Читать «На лобном месте. Литература нравственного сопротивления. 1946-1986» онлайн - страница 55
Григорий Цезаревич Свирский
с) Третий прием хитрее и подлее всех предыдущих. Он заключается в таком подборе сюжета, когда вся проблематика, вся глубина темы вообще остаются за бортом. «Искажение тут — в произвольном отборе».
После очерка-исследования Владимира Померанцева и по следам его и родился в Москве полуанекдот-полупрозрение о том, что же такое, в конце концов, социалистический реализм…
Жил некогда жестокий царь Навуходоносор, — рассказывалось обычно с шутливой интонацией это вовсе не шуточное. — Придворный художник изобразил хромого и одноглазого Навуходоносора стройным рыцарем с блещущими отвагой очами и… был казнен «за лакировку действительности».
Призвали второго, который, естественно, знал о судьбе первого. Второй нарисовал грозного царя таким, каков он есть, т. е. колченогим и кривым, и… был казнен «за клевету на действительность».

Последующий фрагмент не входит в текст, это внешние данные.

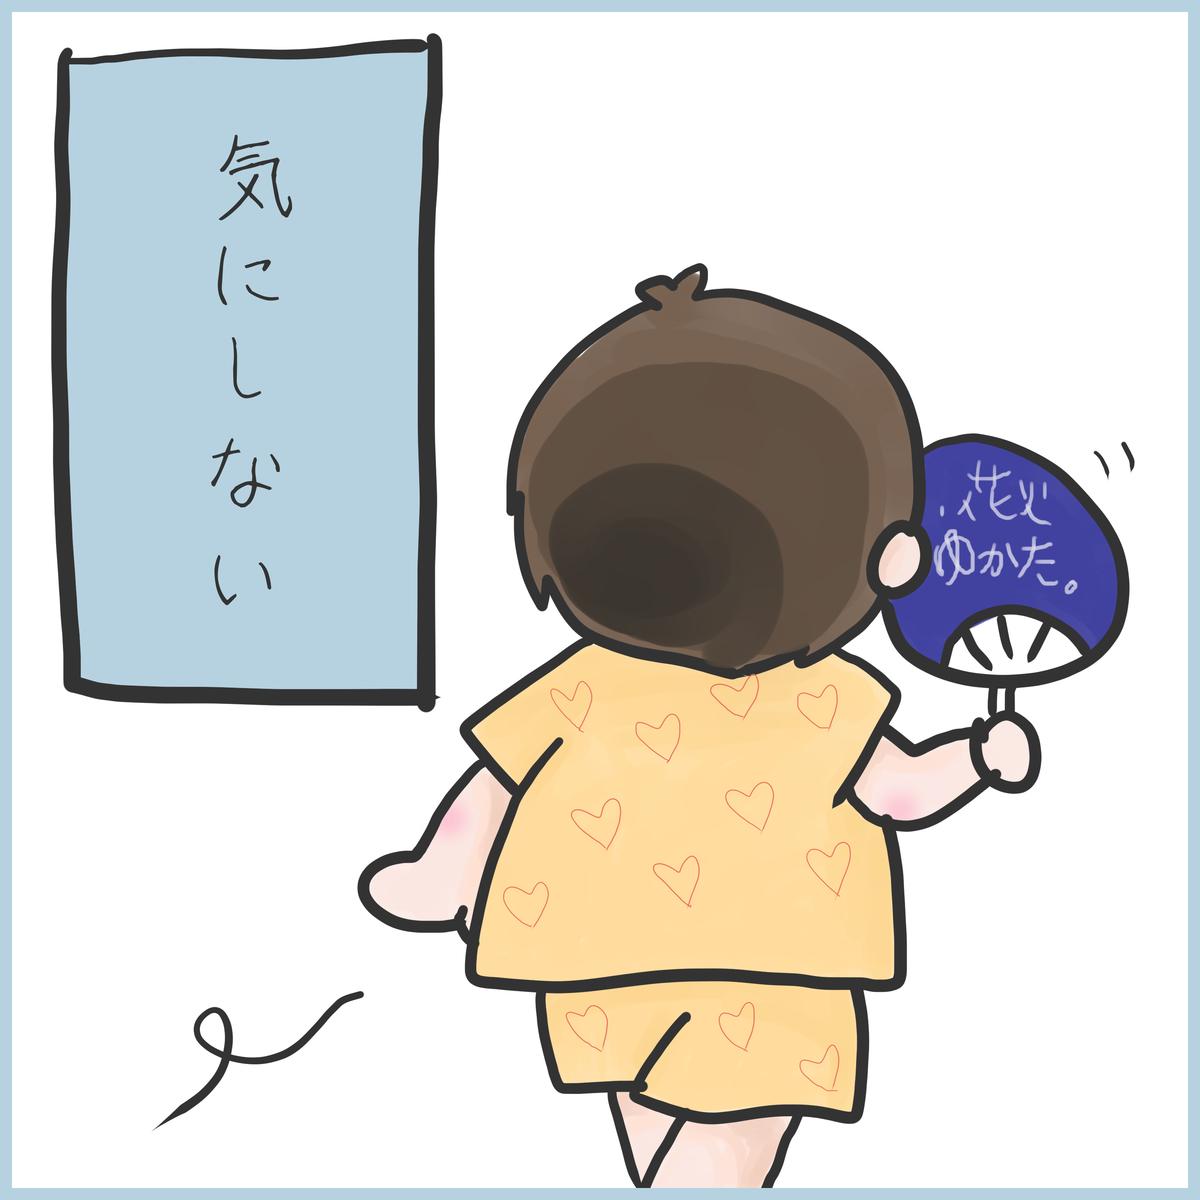 f:id:ika_yoshi:20201102231106j:plain

Вызвали третьего. Тот написал страшного царя в профиль. Царь стоял на одном колене и, прикрыв глаз, нацелился из лука. Ничего не было искажено. У царя был зажмурен, разумеется кривой глаз. Подогнута укороченная нога. Царь был прекрасен в своем охотничьем порыве.
Лжи не было. Как и правды.
Сей запуганный до смерти, издрожавшийся за свою шкуру художник, который придумал, на краю могилы, спасительный ракурс, — завершал обычно рассказчик, — и был родоначальником социалистического реализма…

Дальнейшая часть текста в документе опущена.